Find "This is a genuine" below and begin at its line; stop after the line with "Adorn your house". Output those lines exactly, without pictures.

» Exercise materials:

******

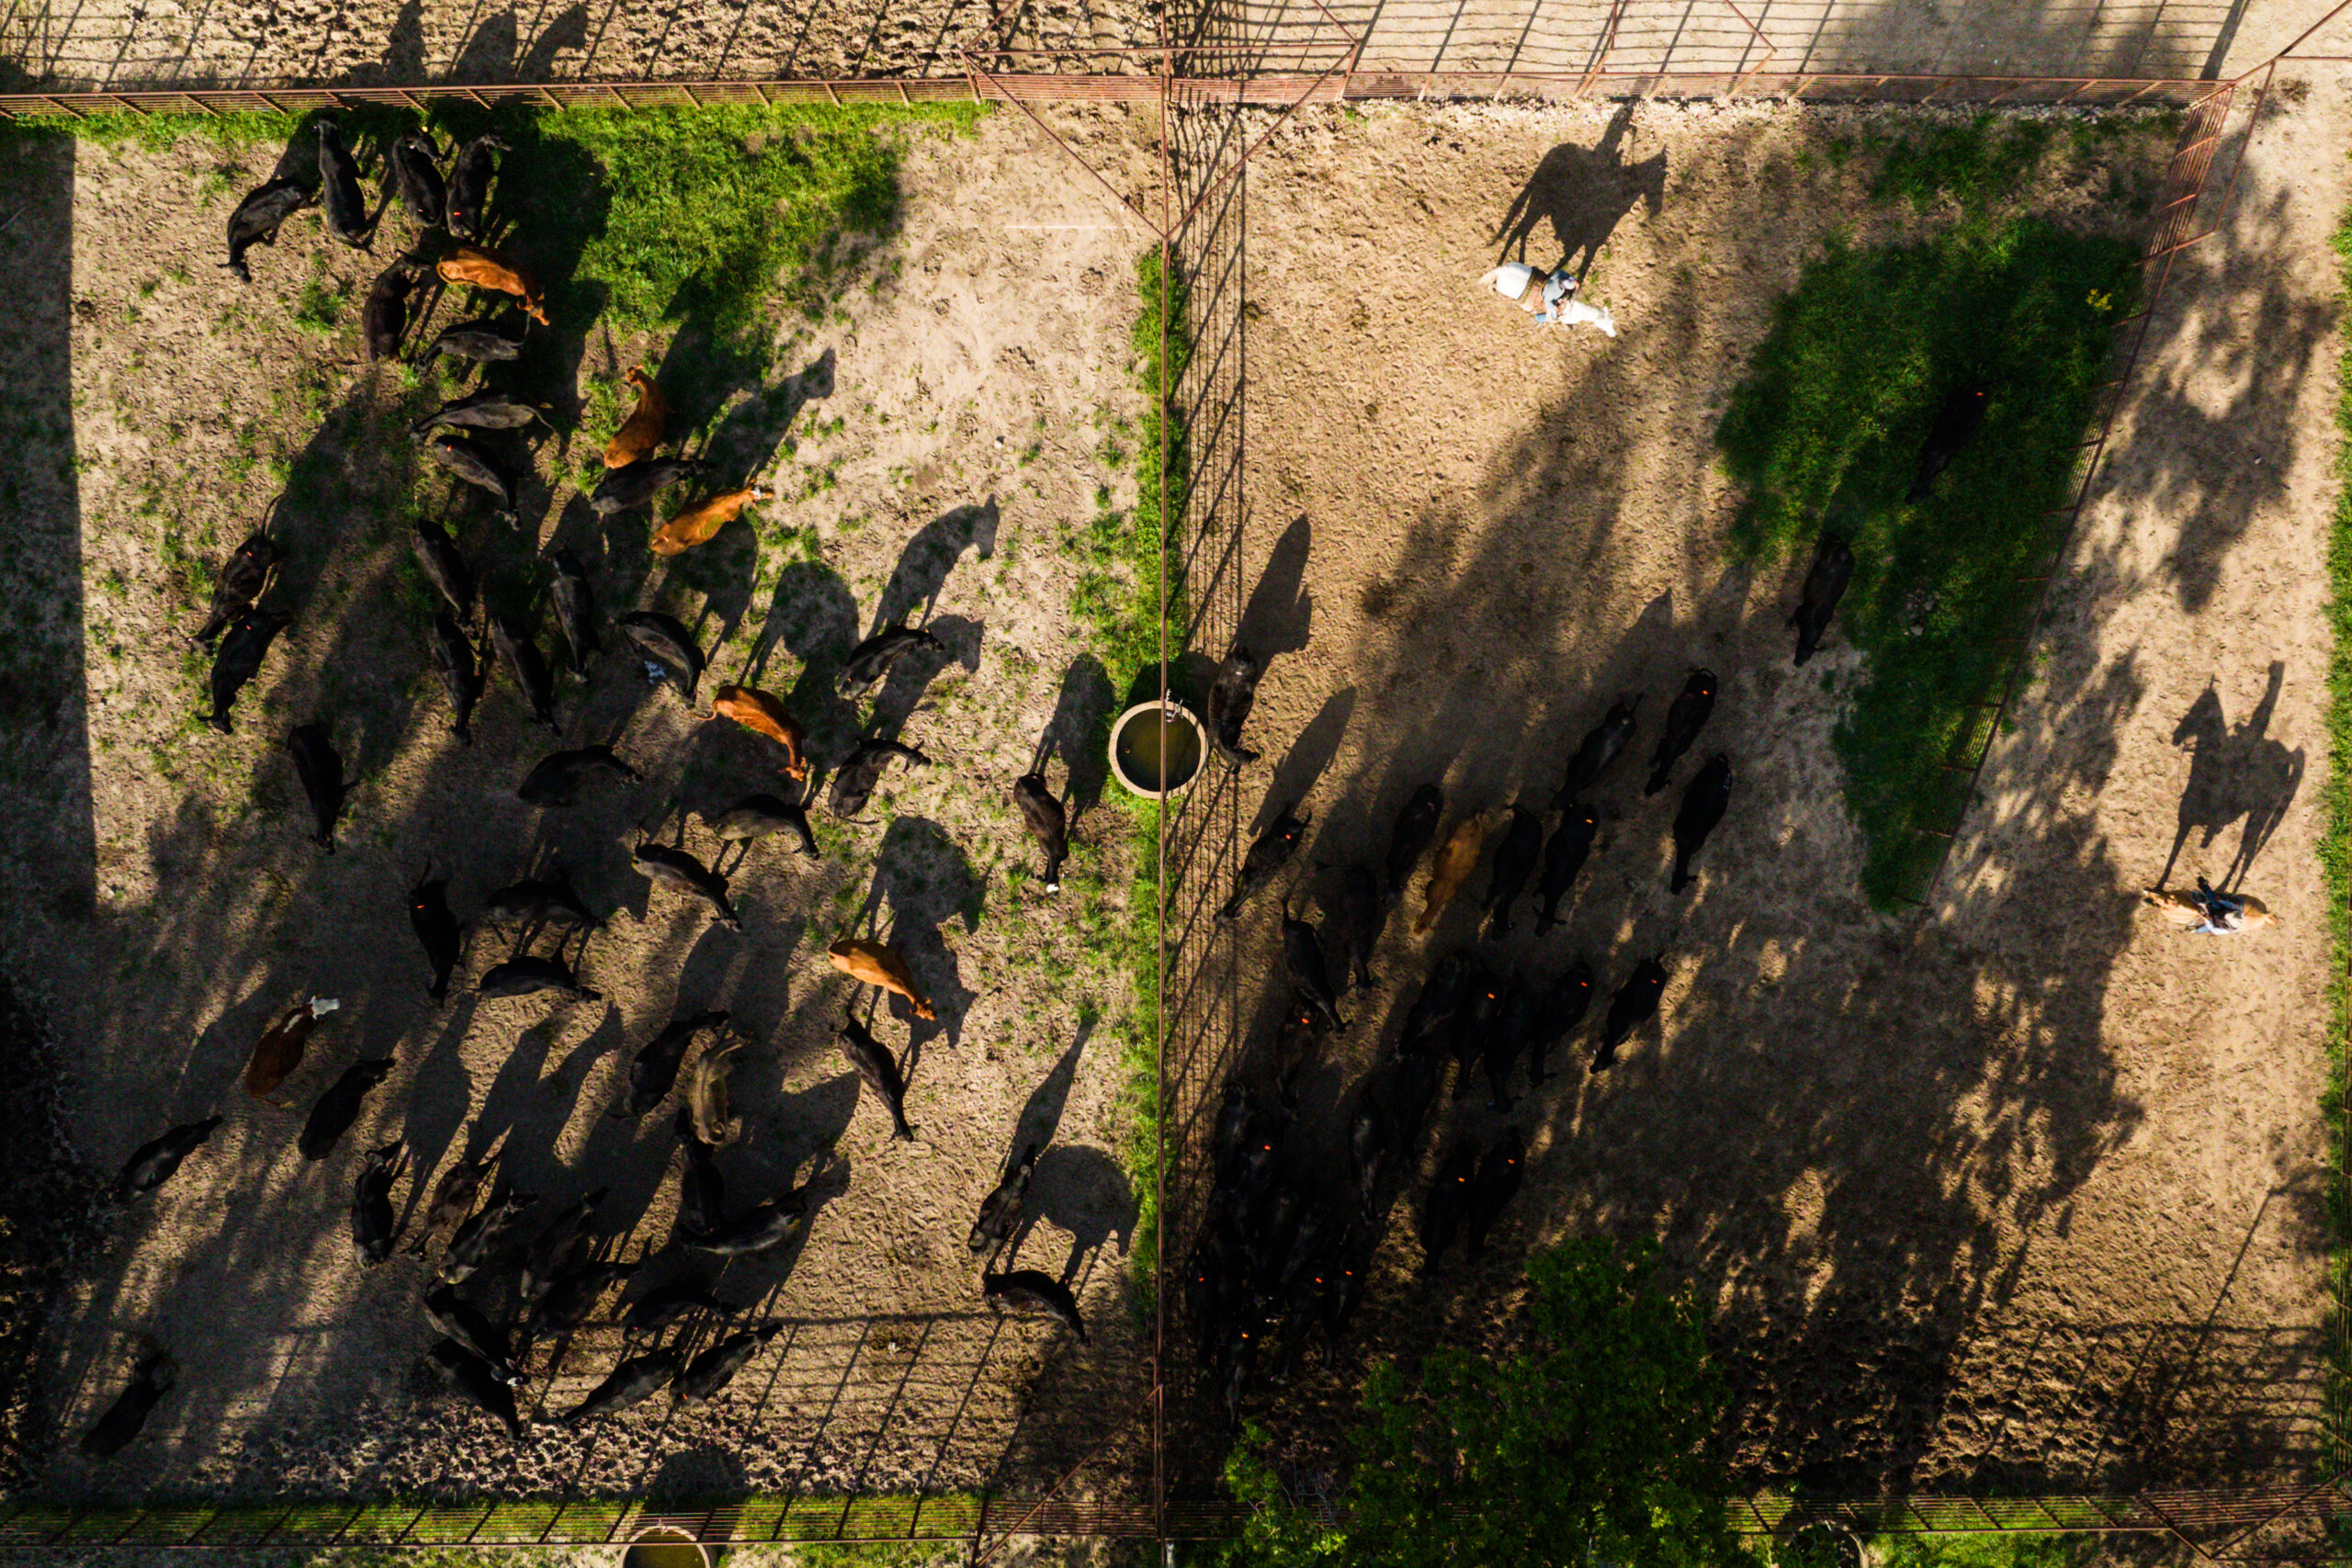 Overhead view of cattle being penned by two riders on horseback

******

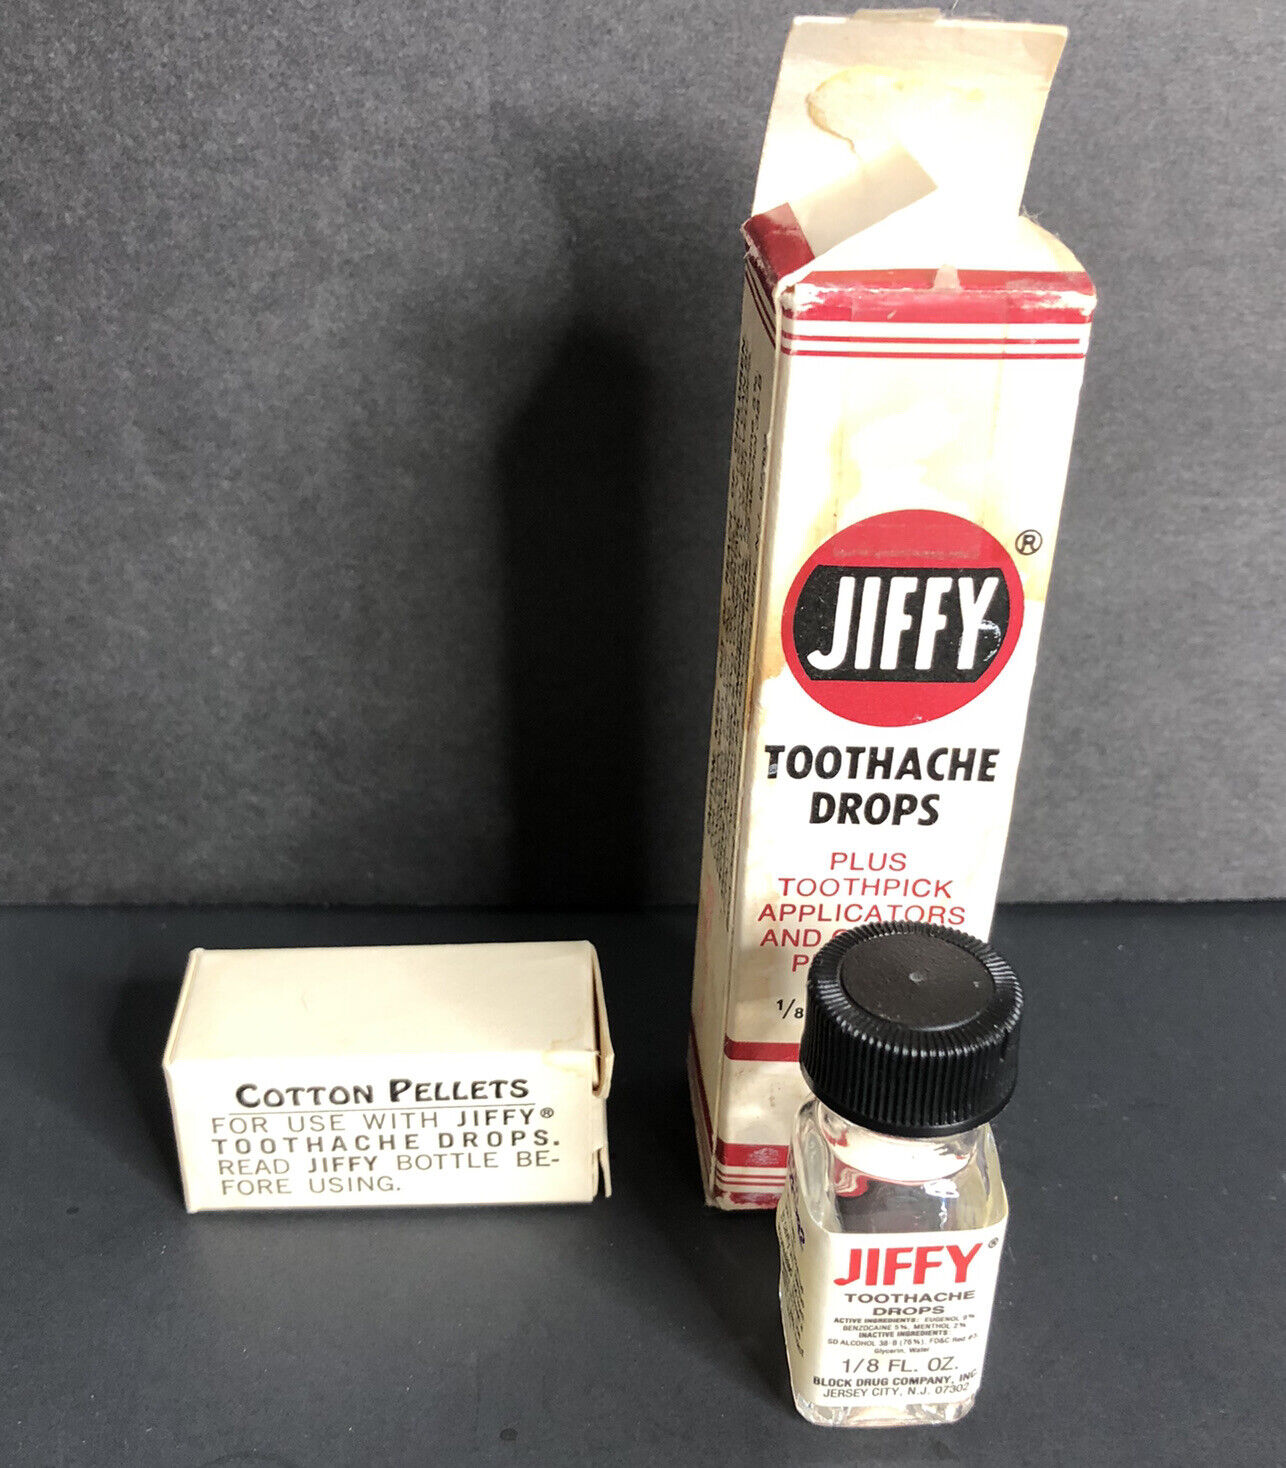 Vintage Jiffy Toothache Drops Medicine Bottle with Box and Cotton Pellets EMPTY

******

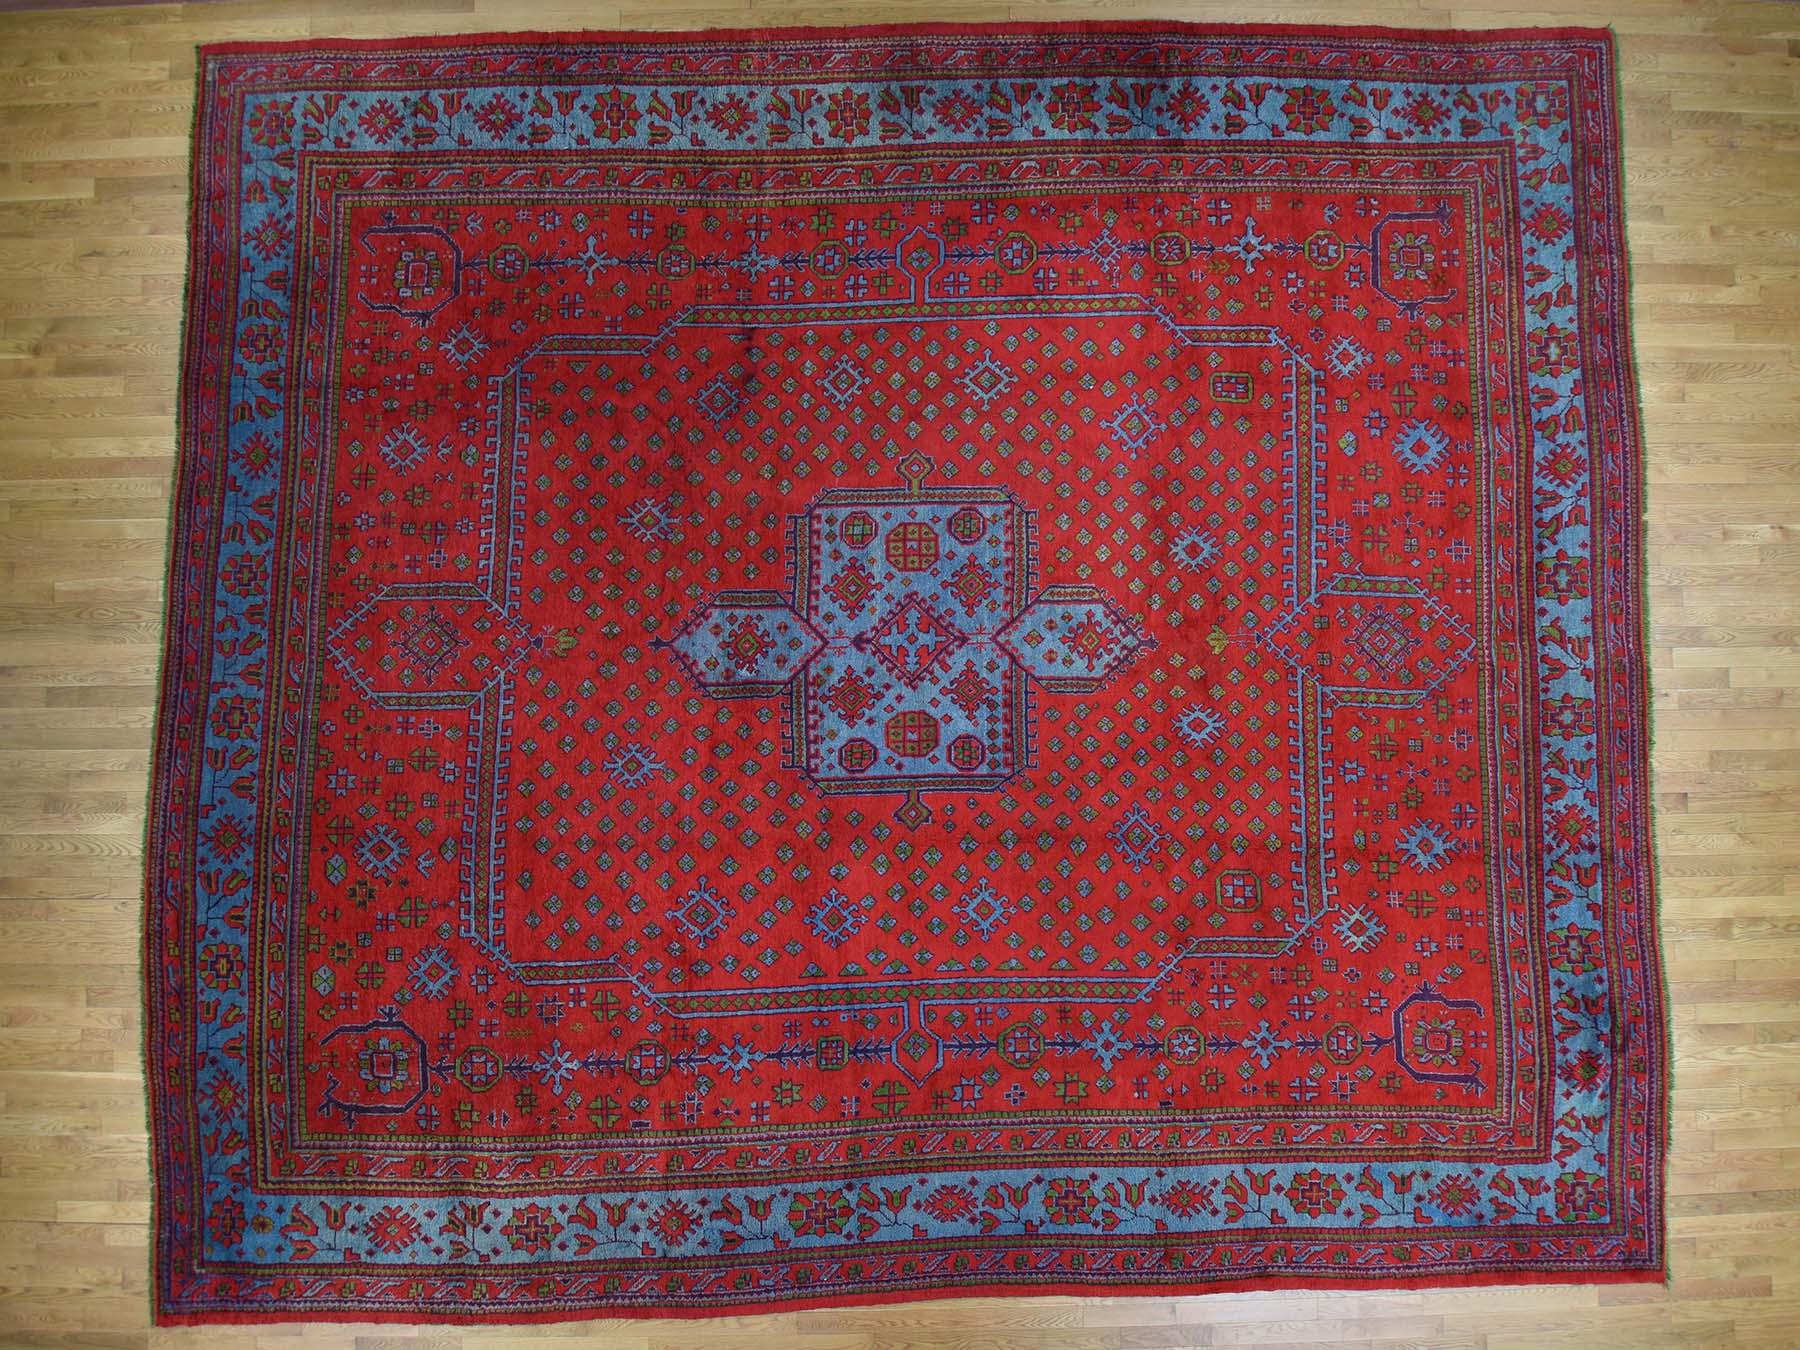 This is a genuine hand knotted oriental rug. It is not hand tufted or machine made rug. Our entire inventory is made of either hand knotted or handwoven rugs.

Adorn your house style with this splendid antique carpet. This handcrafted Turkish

******

» Completed exercise:
 This is a genuine hand knotted oriental rug. It is not hand tufted or machine made rug. Our entire inventory is made of either hand knotted or handwoven rugs.

Adorn your house style with this splendid antique carpet. This handcrafted Turkish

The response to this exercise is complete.